Real-time evaluations of the severity of depressive symptoms are of great significance for the diagnosis and treatment of patients with major depressive disorder (MDD). In clinical practice, the evaluation approaches are mainly based on psychological scales and doctor-patient interviews, which are time-consuming and labor-intensive. Also, the accuracy of results mainly depends on the subjective judgment of the clinician. With the development of artificial intelligence (AI) technology, more and more machine learning methods are used to diagnose depression by appearance characteristics. Most of the previous research focused on the study of single-modal data; however, in recent years, many studies have shown that multi-modal data has better prediction performance than single-modal data. This study aimed to develop a measurement of depression severity from expression and action features and to assess its validity among the patients with MDD.

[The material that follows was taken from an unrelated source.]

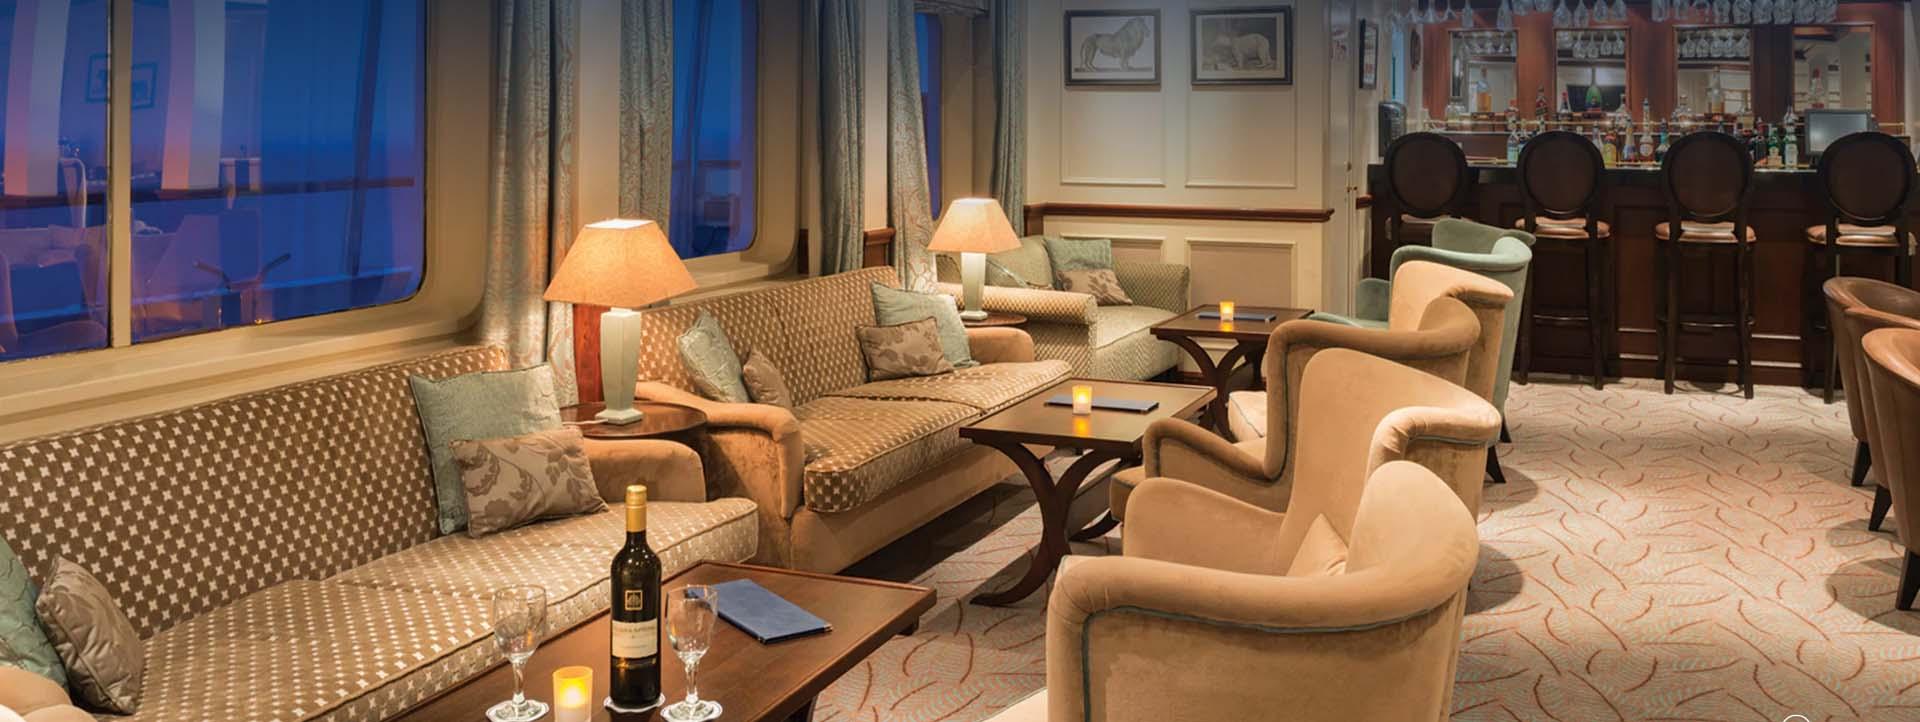 CALEDONIAN SKY bar and lounge

We proposed a multi-modal deep convolutional neural network (CNN) to evaluate the severity of depressive symptoms in real-time, which was based on the detection of patients’ facial expression and body movement from videos captured by ordinary cameras. We established behavioral depression degree (BDD) metrics, which combines expression entropy and action entropy to measure the depression severity of MDD patients.
We found that the information extracted from different modes, when integrated in appropriate proportions, can significantly improve the accuracy of the evaluation, which has not been reported in previous studies. This method presented an over 74% Pearson similarity between BDD and self-rating depression scale (SDS), self-rating anxiety scale (SAS), and Hamilton depression scale (HAMD). In addition, we tracked and evaluated the changes of BDD in patients at different stages of a course of treatment and the results obtained were in agreement with the evaluation from the scales.
The BDD can effectively measure the current state of patients’ depression and its changing trend according to the patient’s expression and action features. Our model may provide an automatic auxiliary tool for the diagnosis and treatment of MDD.